OFF-TARGET ANTIBODIES

Quick: What do you associate with the abbreviation ‘TCR’?  Does your immunology-trained mind automatically default to ‘T-cell receptor’?  Or is your first guess ‘Tissue Cross Reactivity?  Our neural networks can deal with ambivalence and will make the right associations, eventually.  Language is imprecise by design and allows for wobble.

Things become really confusing when authors refer to “TCR cross-reactivity”. Again, neural networks to the rescue – we implicitly understand what’s meant.

This blog is about TCR = tissue cross reactivity. The term relates to the fact that antibodies sometimes lack precision targeting a certain receptor.  In some cases, there is a variable amount of give, a certain degeneracy, a bit of promiscuity.  A lack of singularity, if you will.

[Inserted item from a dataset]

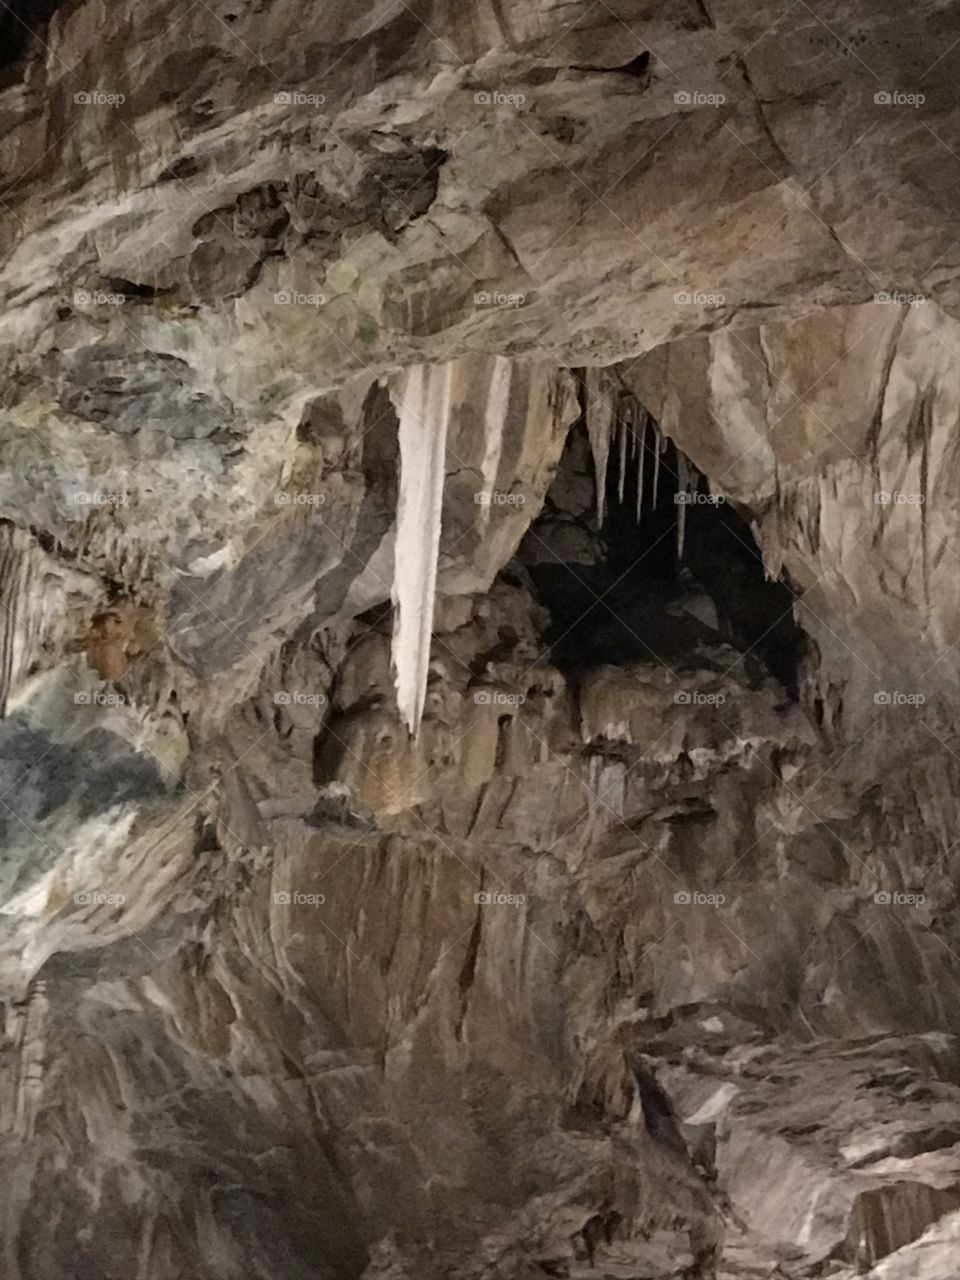 Grotte Bossea

Figure 1: From: Trier N.  Ref. [1]

A recent article by Dai et al. makes for interesting reading.[2]  It describes a rapid technique to characterize the binding of a large number of mAbs in clinical development or approved  (N=174, to be exact) to over 6,000 (!) extracellular proteins.  They found cross-reactivity (or off-target binding) with 28% of them. 

Author Aaron Ring and the Adimab team are immunology experts with deep understanding of mAb technology.  They know all about mAb specificity and/or lack thereof, often called polyreactivity or polyspecificity.  This observed high frequency of off-target engagement came probably as a surprise; the article concludes with the recommendation to test for target promiscuity early in drug development.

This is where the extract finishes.